DATASET EXTRACT:
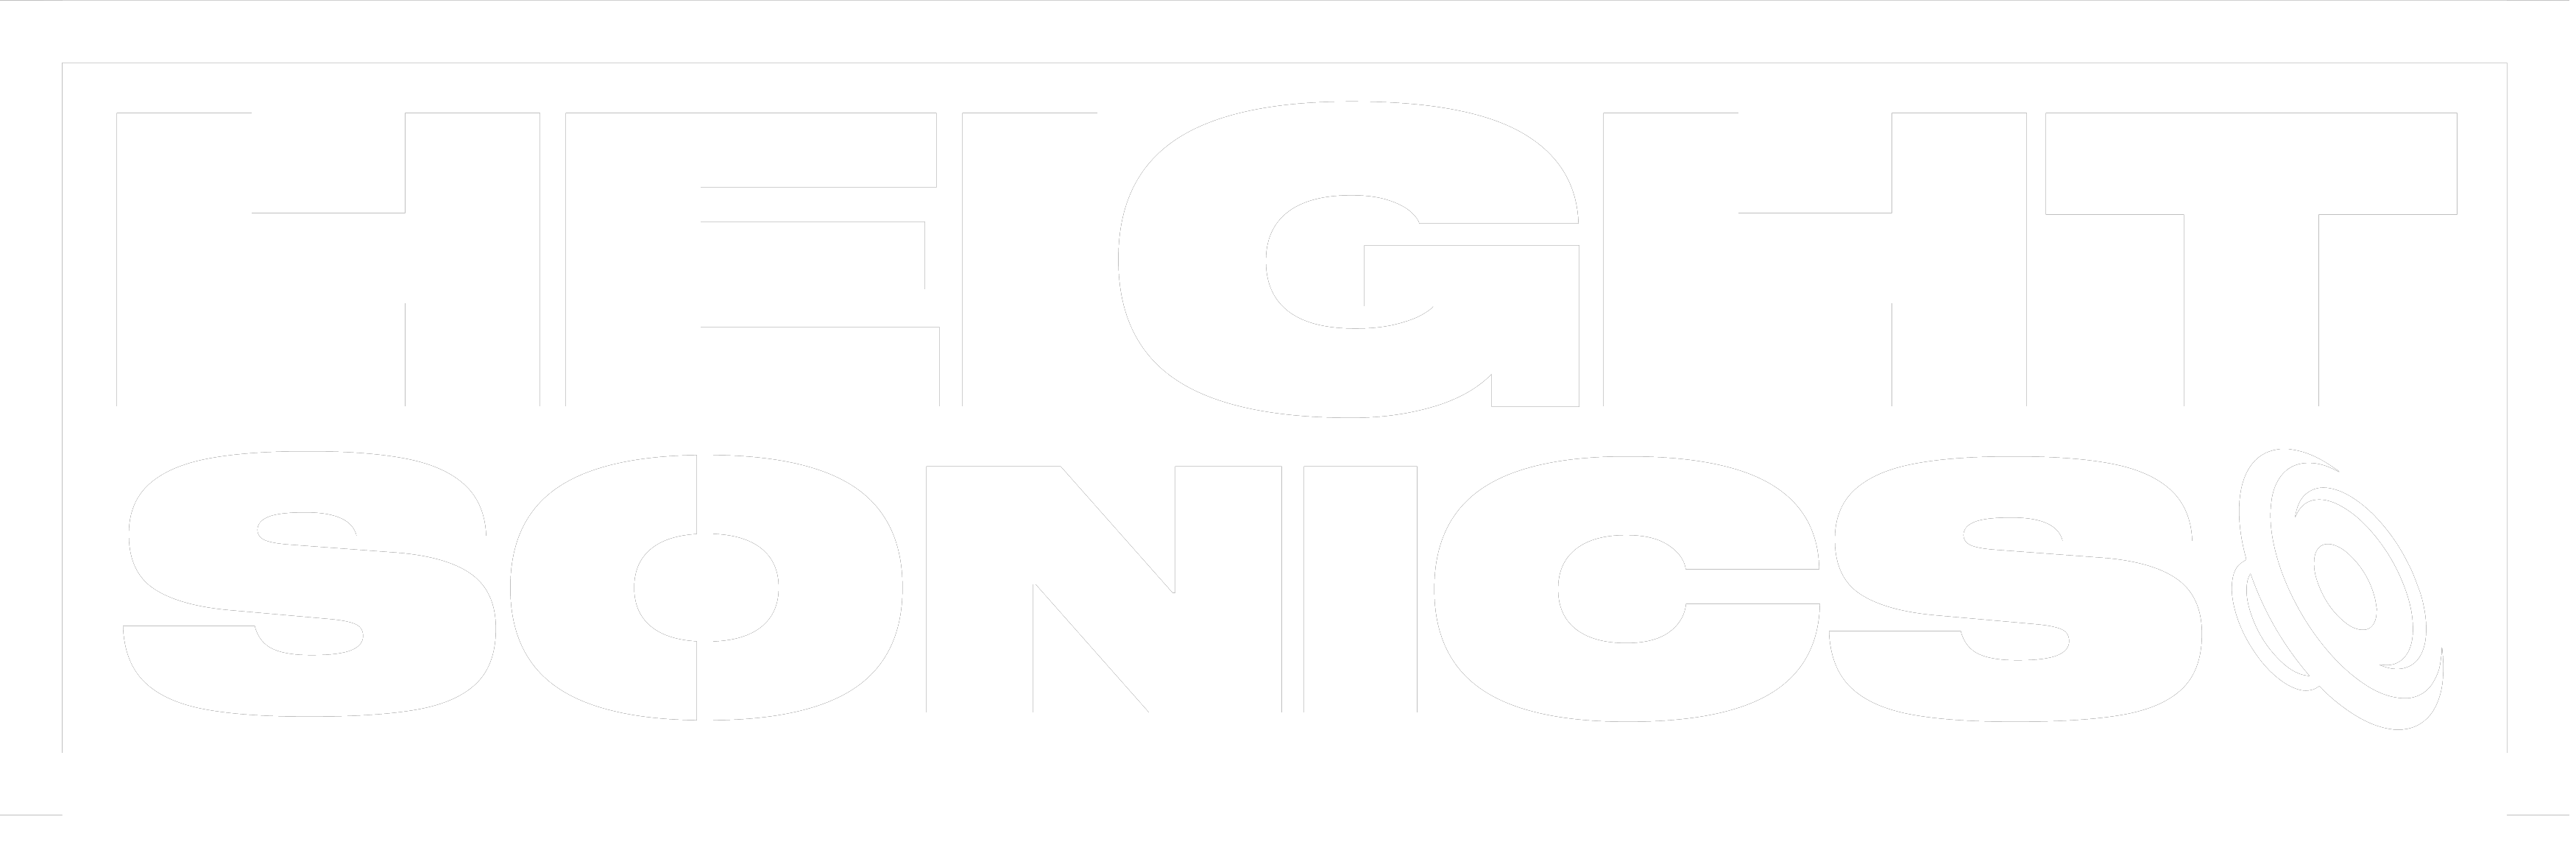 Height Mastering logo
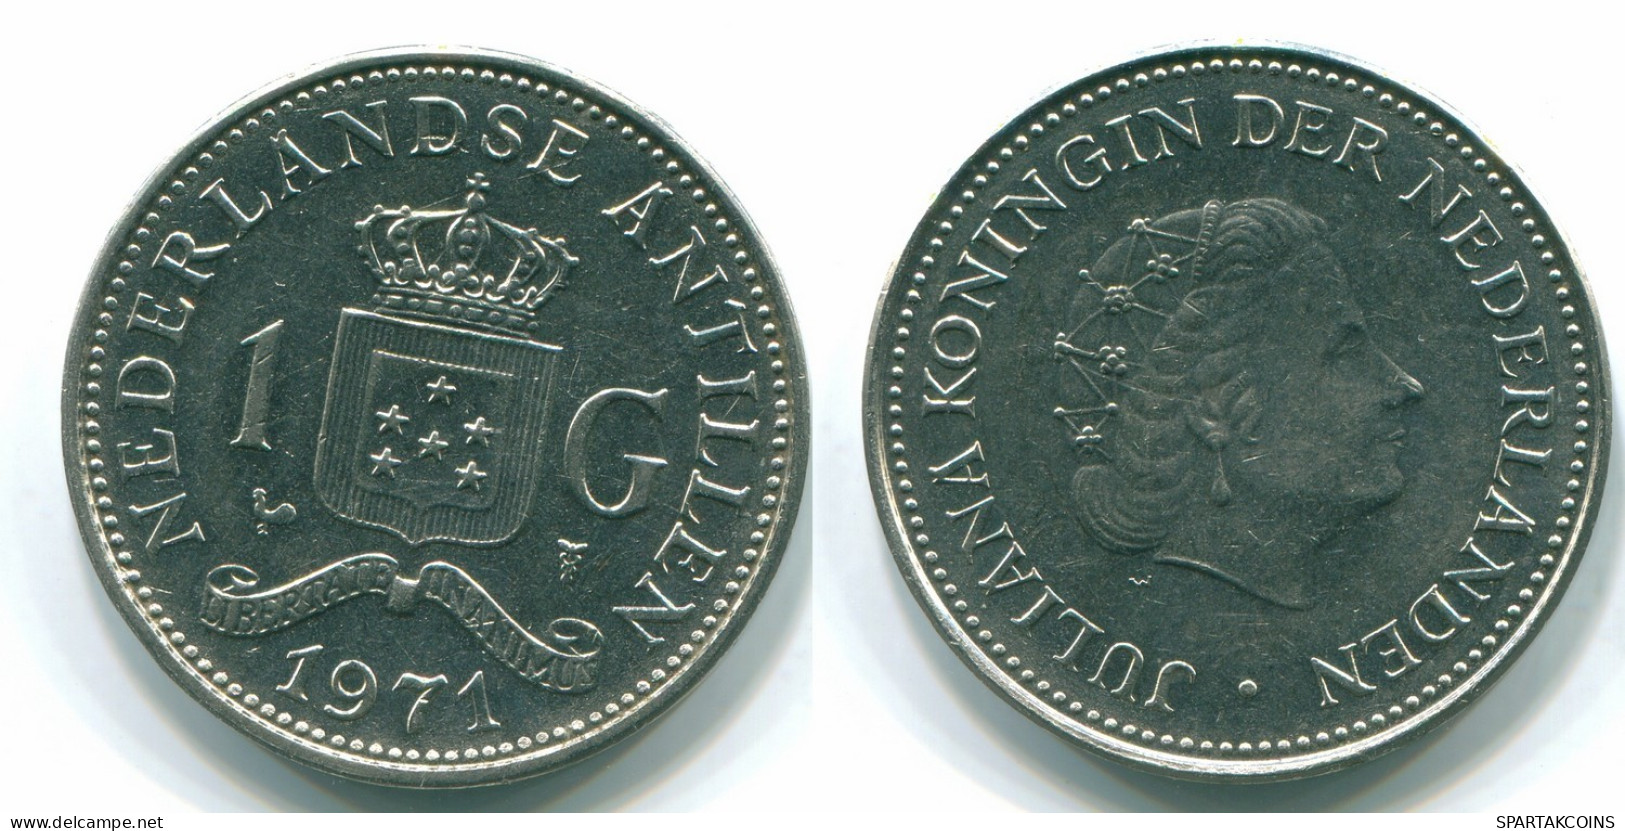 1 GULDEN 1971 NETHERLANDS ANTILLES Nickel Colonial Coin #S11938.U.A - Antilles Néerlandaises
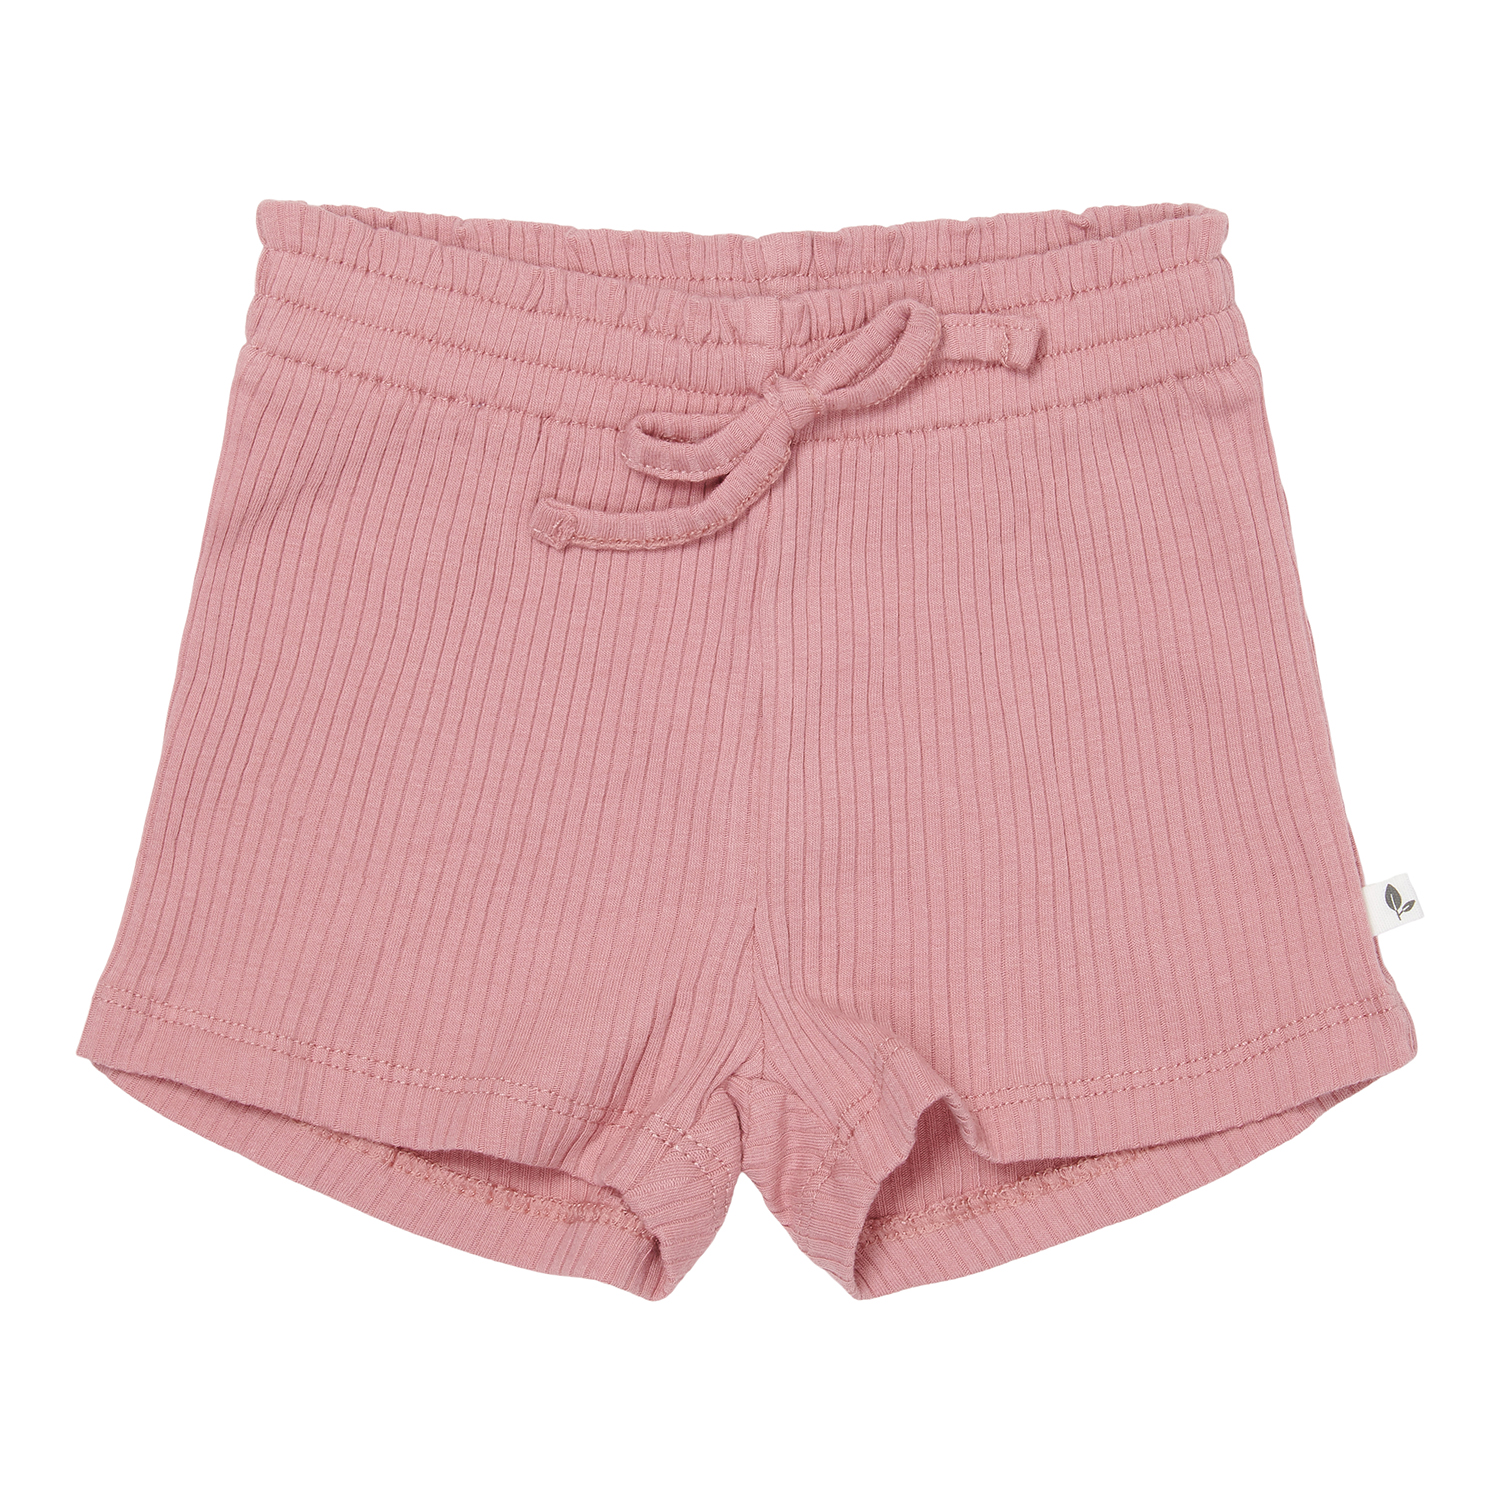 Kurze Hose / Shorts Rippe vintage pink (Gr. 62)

TASK TO COMPLETE:
Without including any picture, copy the listing above exactly and in full.

SOLUTION TO THE PROBLEM:
 Height Mastering logo
 1 GULDEN 1971 NETHERLANDS ANTILLES Nickel Colonial Coin #S11938.U.A - Antilles Néerlandaises
 Kurze Hose / Shorts Rippe vintage pink (Gr. 62)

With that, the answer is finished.